With pictures left out, output exactly the lines of the listing below from the line that has "A silver face with pink lips and blue eyes." to the line that has "Women’s black and", both lines kept.

ENTRIES SUPPLIED:

---+---

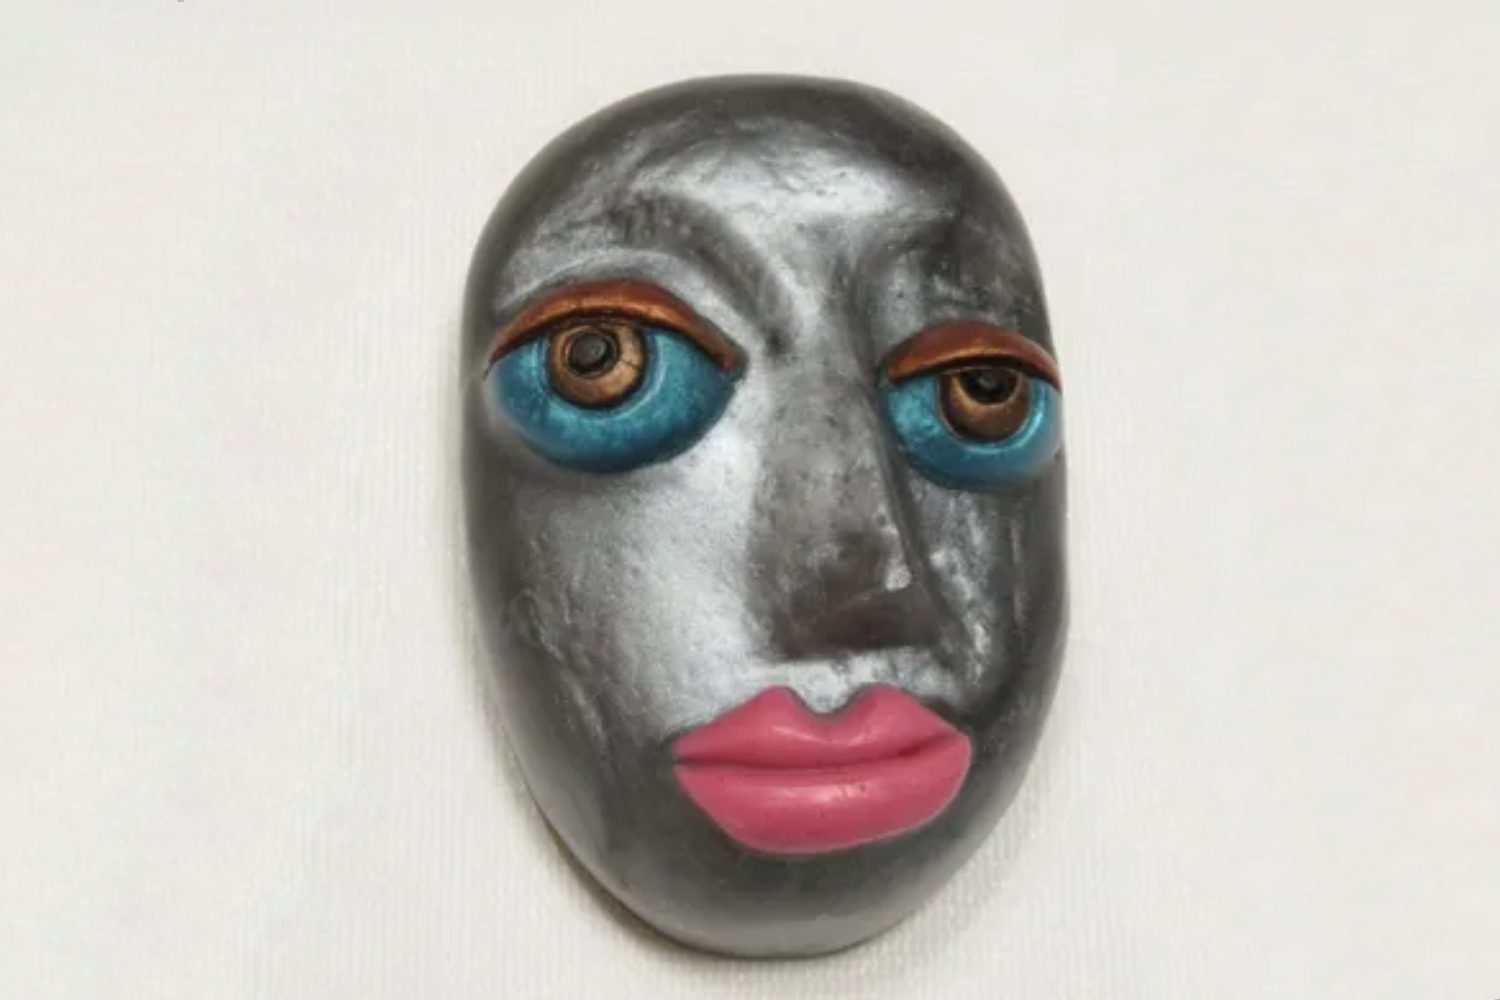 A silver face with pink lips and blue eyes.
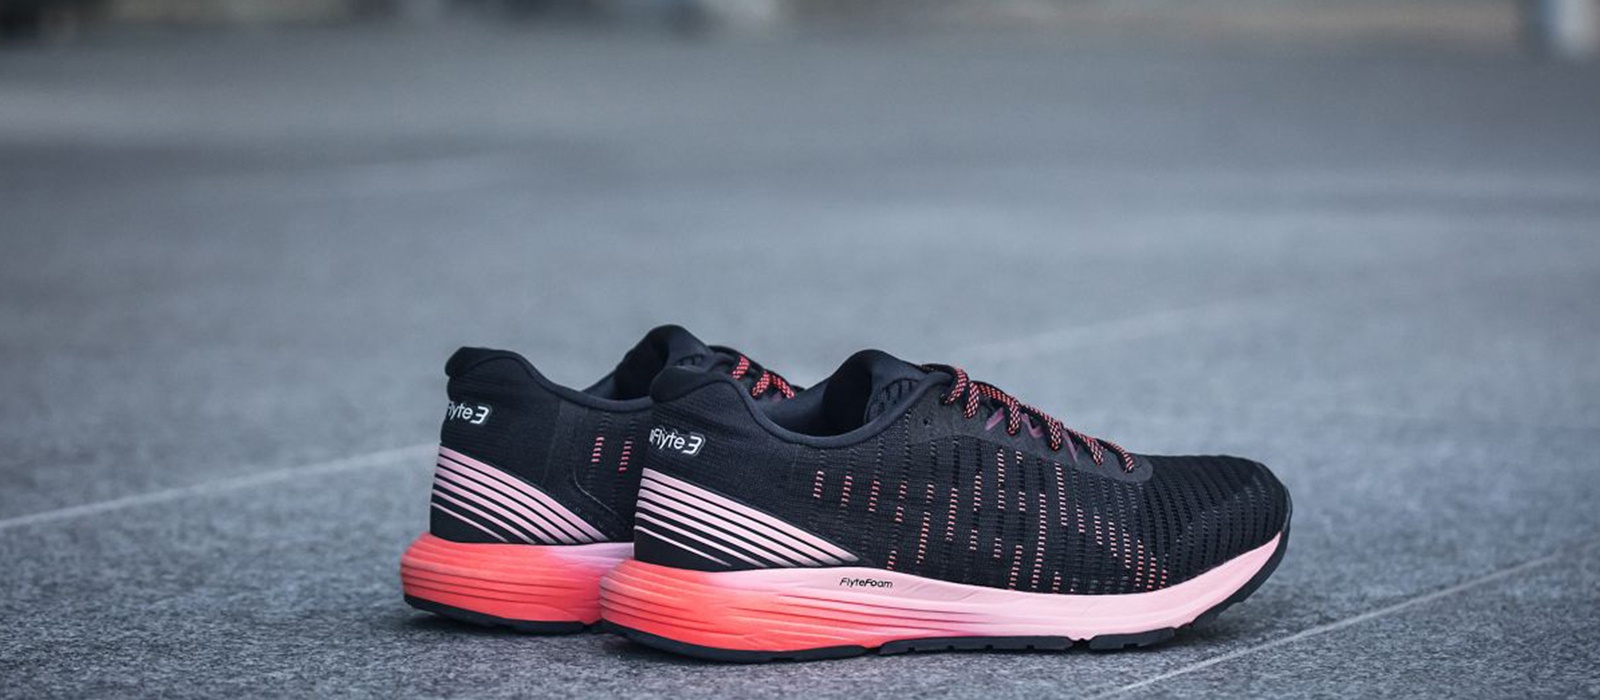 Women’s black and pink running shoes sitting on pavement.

---+---

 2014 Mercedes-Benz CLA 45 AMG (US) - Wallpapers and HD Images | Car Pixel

---+---

EXERCISE SOLUTION:
 A silver face with pink lips and blue eyes.
 Women’s black and pink running shoes sitting on pavement.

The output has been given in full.